**DATASET SECTION**
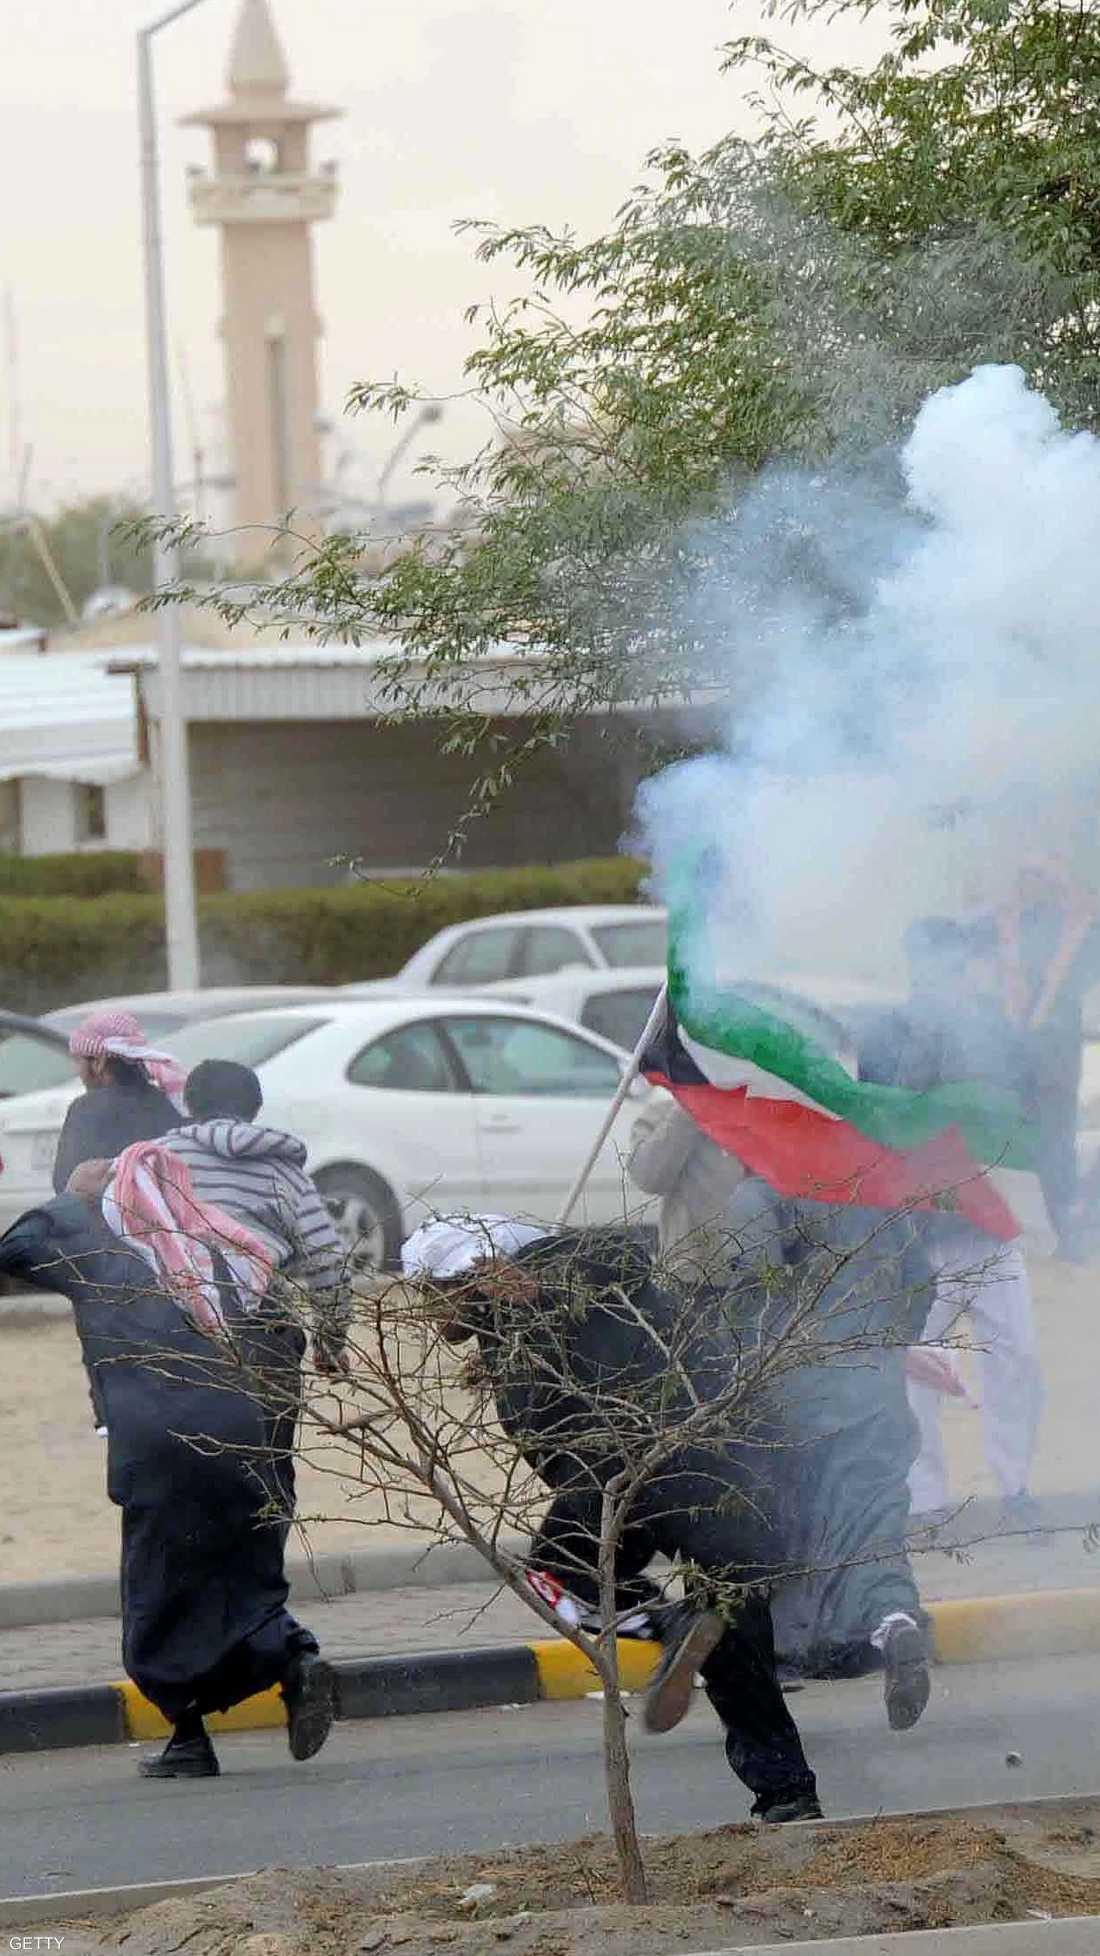 احتجاجات البدون كانت في استقبال عام 2012 بالكويت
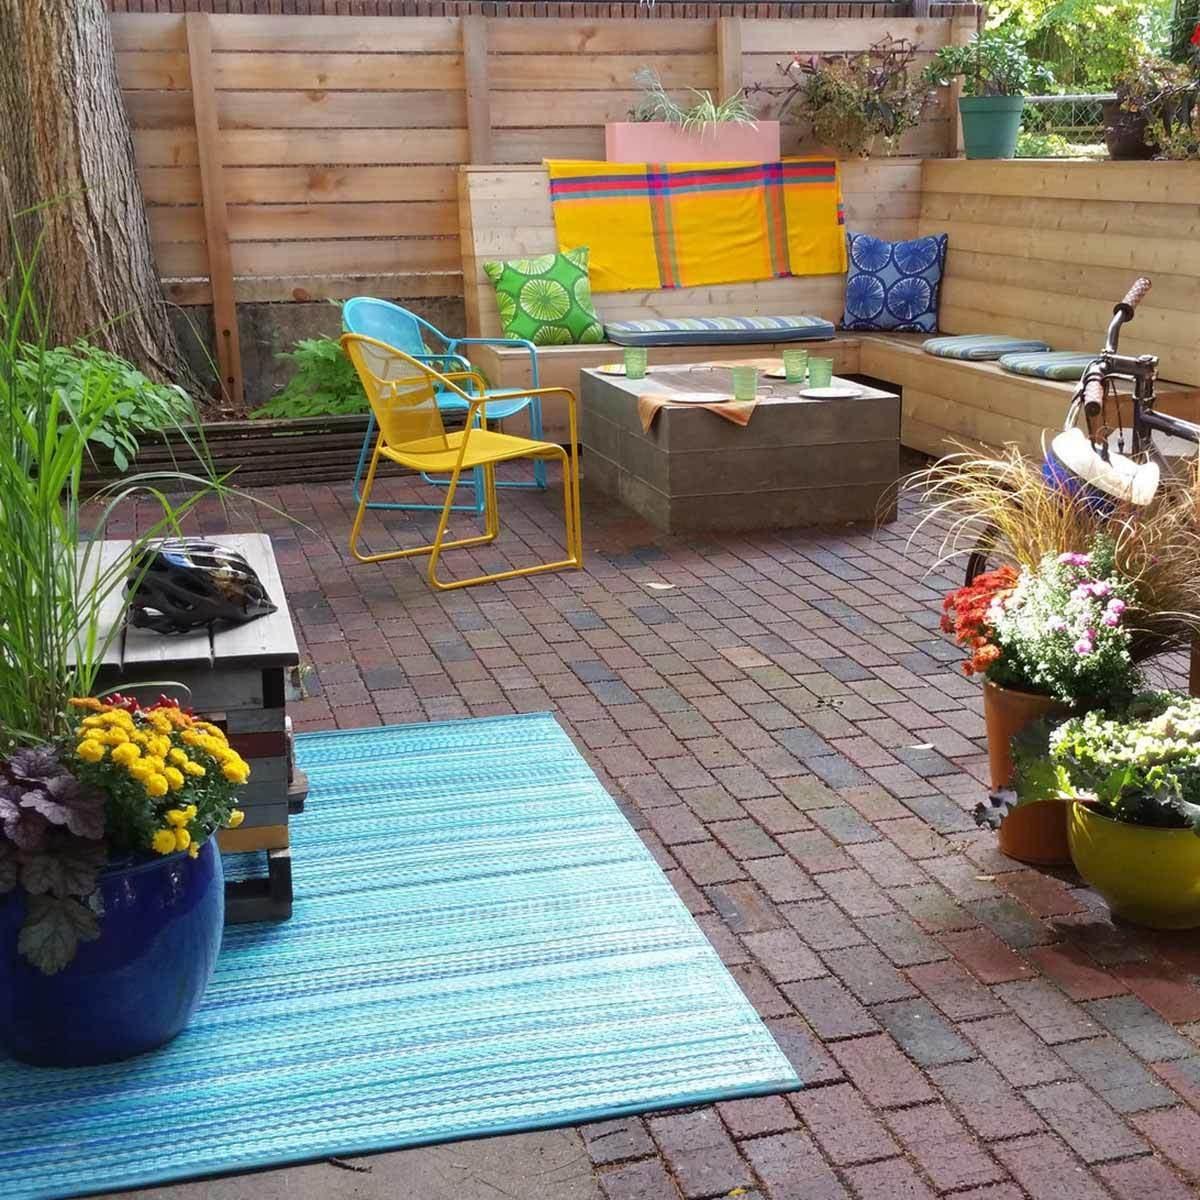 Cobblestone Brick Patio design ideas
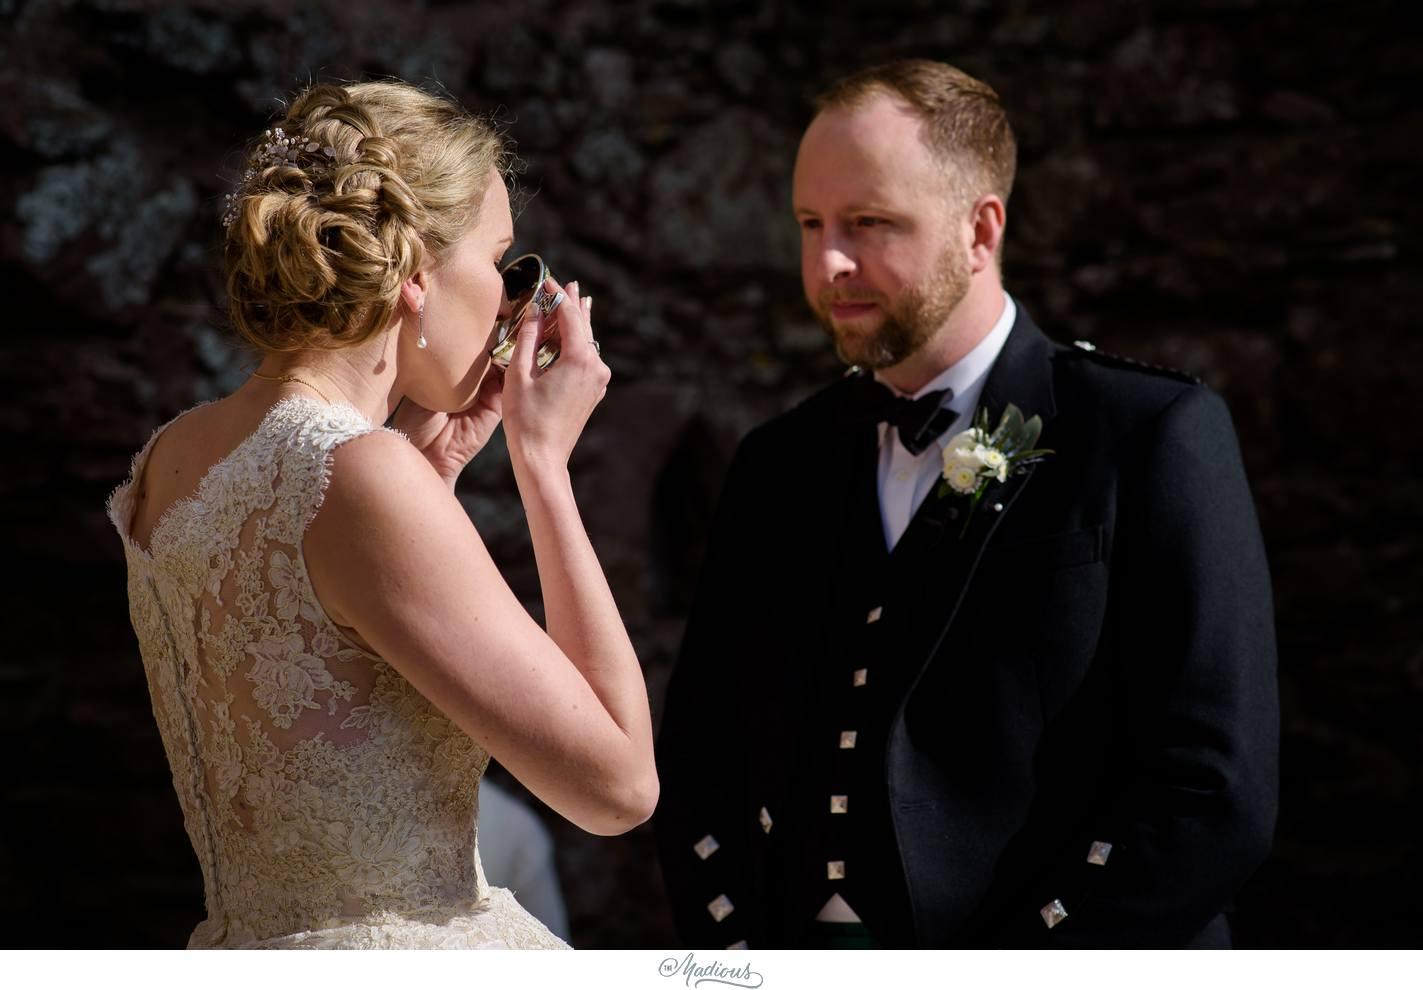 Balbegno_Dunnotar_Castle_Scottland_Wedding_37.jpg

**ASSIGNMENT**
Please set down the whole listing above exactly and skip every picture.

**EXERCISE ANSWER**
 احتجاجات البدون كانت في استقبال عام 2012 بالكويت
 Cobblestone Brick Patio design ideas
 Balbegno_Dunnotar_Castle_Scottland_Wedding_37.jpg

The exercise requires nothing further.